Счет поверженным фашистским пиратам открыт. Но где ведомые? По радио передаю команду - пристроиться ко мне. Для надежности дублирую команду покачиванием самолета с крыла на крыло. Справа показался Лященко. А где Скоробогатов? Кручу самолет во все стороны. Но вот сзади вижу «Чайку», а выше - поблескивающих на солнце куцыми плоскостями двух «мессершмиттов». Скоробогатов их не видит. Резко разворачиваю свой самолет наперерез противнику и выскакиваю «мессершмиттам» в лоб. Те лобовой атаки не принимают и отваливают в сторону. Лященко молодец - держится.

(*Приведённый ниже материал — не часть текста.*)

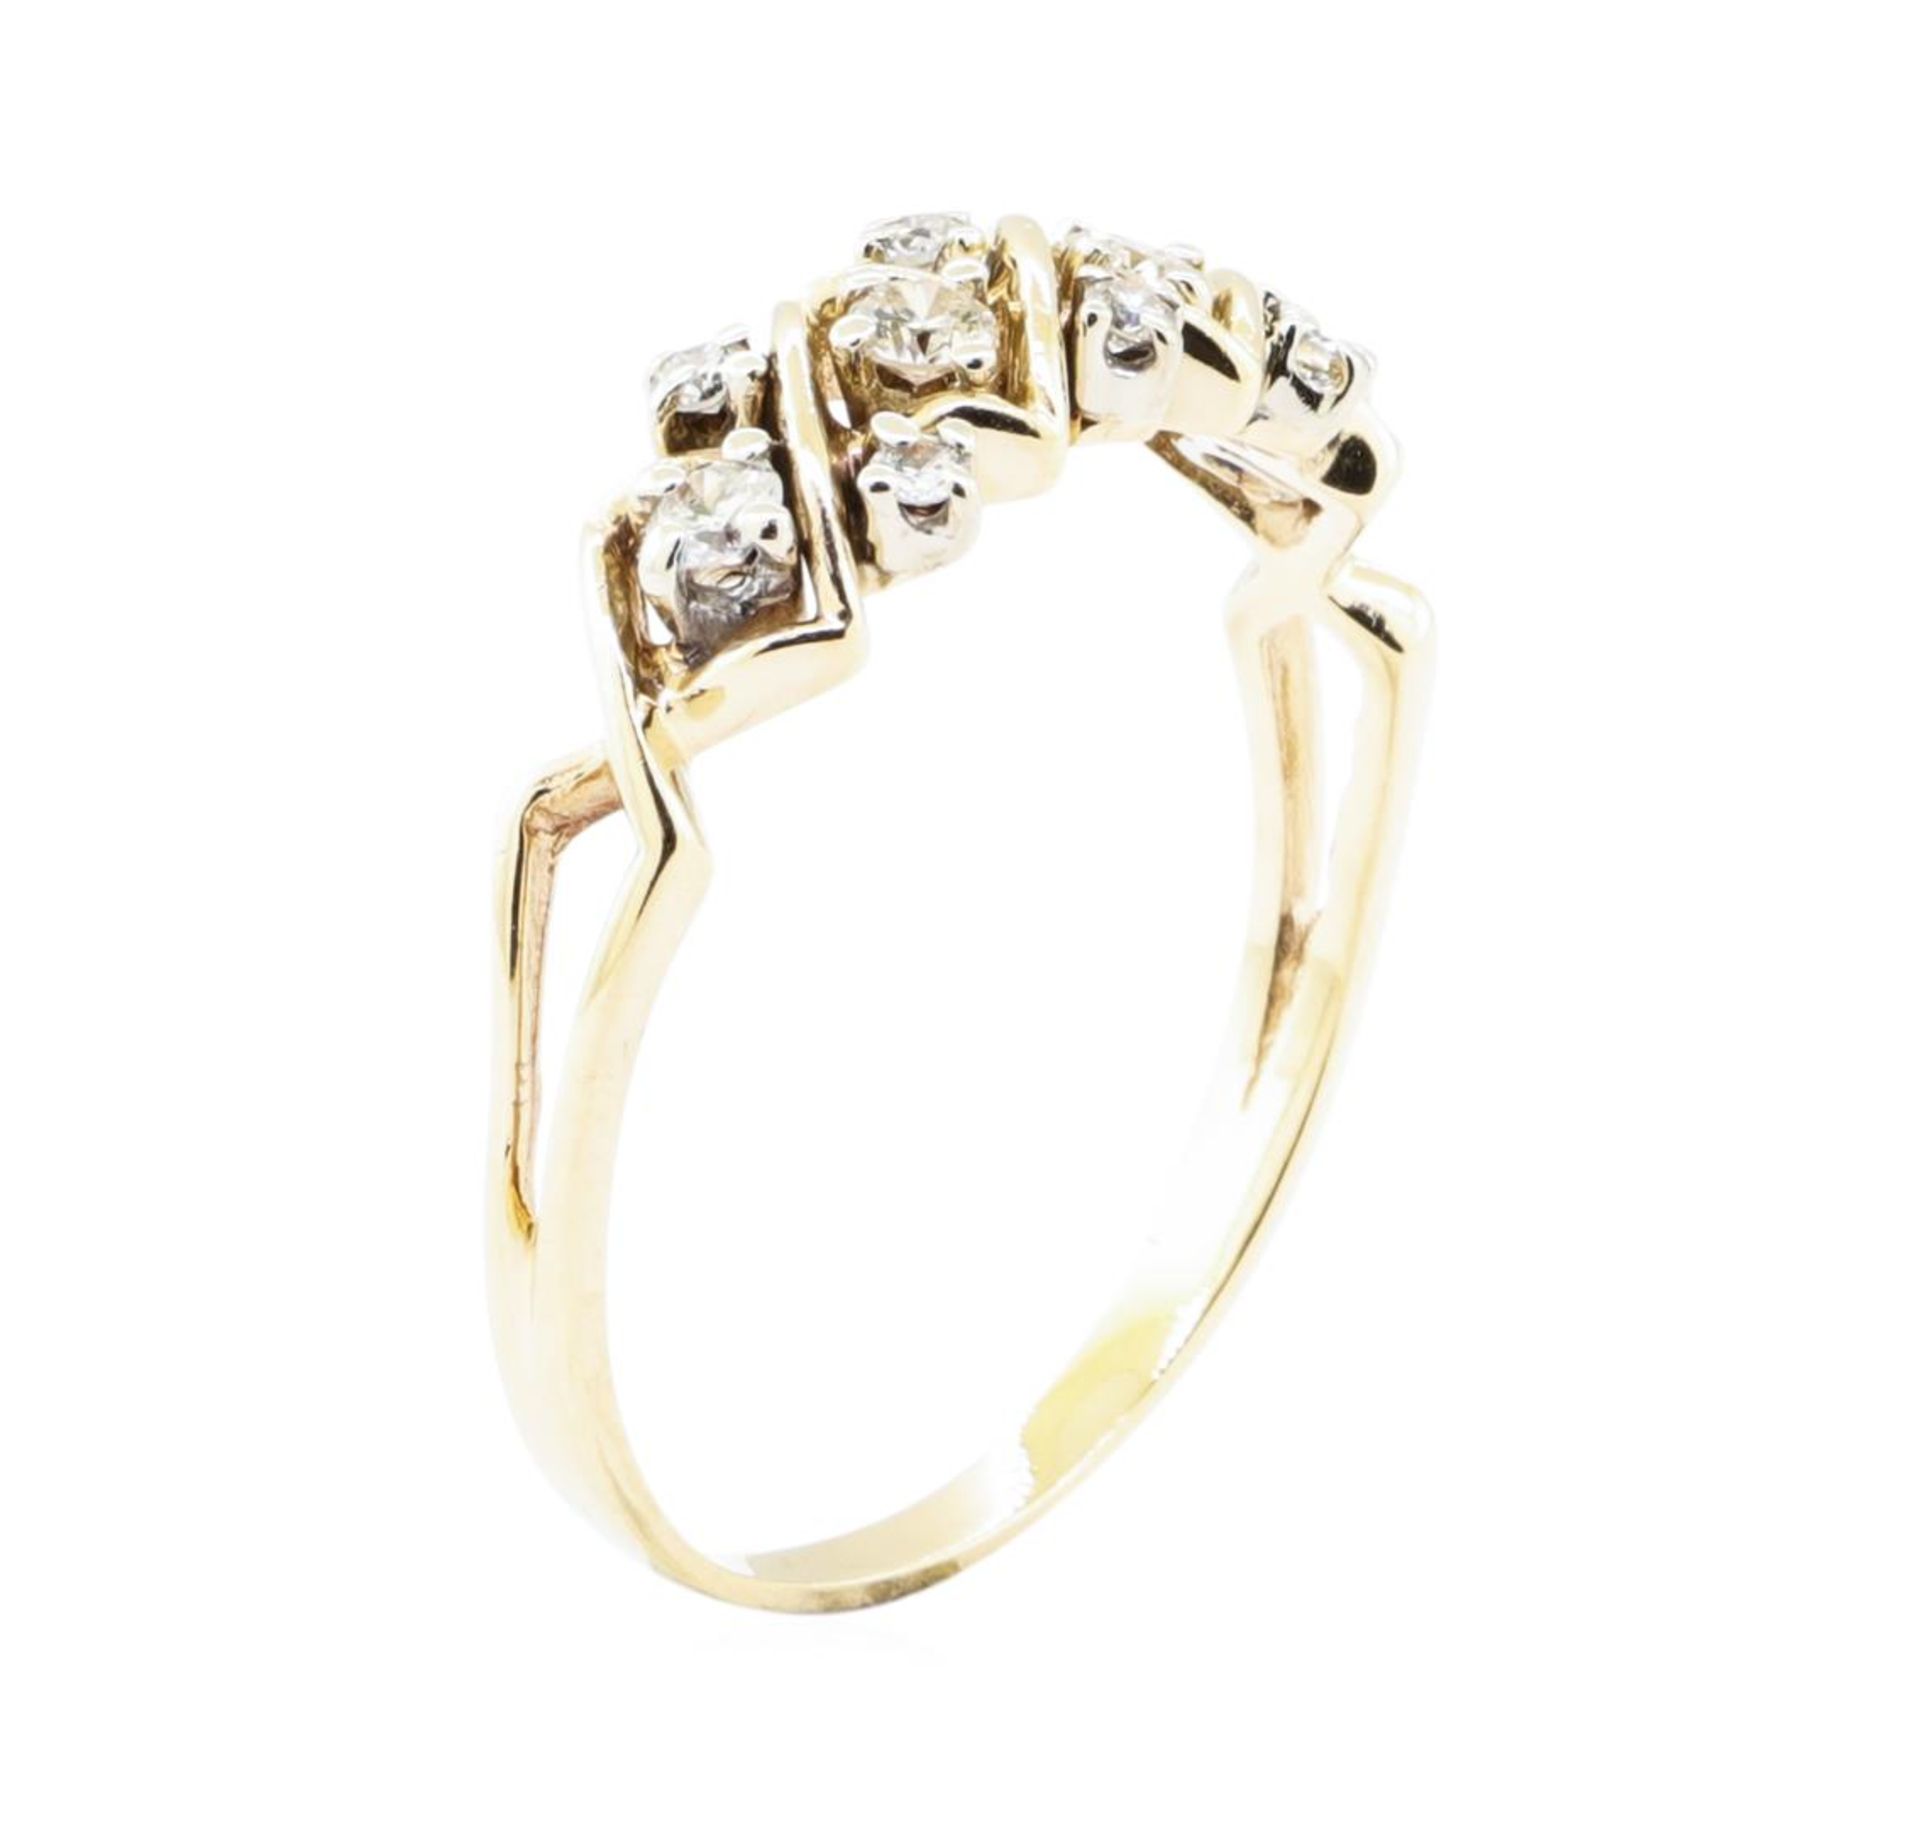 0.70 ctw Diamond Ring - 14KT Yellow Gold - Image 4 of 4

Точно чем-то острым резануло по сердцу: вновь вижу впереди «Чайку» Скоробогатова и атакующих «мессершмиттов». Как помочь? Кричу по радио: «Сто шестой, разворот… разворот…» Но поздно. Фашистская очередь режет «Чайку» по фюзеляжу.

С тяжелыми чувствами подлетели к своему аэродрому. Лященко вплотную подстроился к моему самолету. С командного пункта по радио предупреждают о возможной повторной атаке фашистов. Приказываю Лященко садиться первым. Надо прикрыть, ведь совсем еще юный и малоопытный летчик. Самолет ведомого уже катится по полосе, когда делаю последний разворот. Все внимание посадке. И тут вражеская очередь настигает меня, оставив несколько зловещих пробоин в «Чайке». Из-под приборной доски белой пеленой наползал на глаза дым. Стало трудно дышать. Рывком снял летные очки и, не раздумывая больше, выбросился [56] из кабины еще катившегося истребителя, со всего размаху шлепнулся на землю, развернувшись на спину, увидел пикирующие фашистские самолеты. Видно было, как бомбы отделялись от их фюзеляжей. Земля качнулась. Осколки просвистели, срезая ветки с дальних деревьев. Чья-то голова высунулась из кустарника.

- Сюда! Сюда! - кричал мне Шостак. Я с разбега провалился в щель.

Когда взрывная волна затихла в гуще леса, неожиданно из щели выскочил Брызгалов и, сорвав с противопожарного щита огнетушитель, побежал к горящей «Чайке».

- Куда? Назад! - закричал я.

- Ложись! Сейчас начнут рваться боеприпасы, - крикнул Шостак.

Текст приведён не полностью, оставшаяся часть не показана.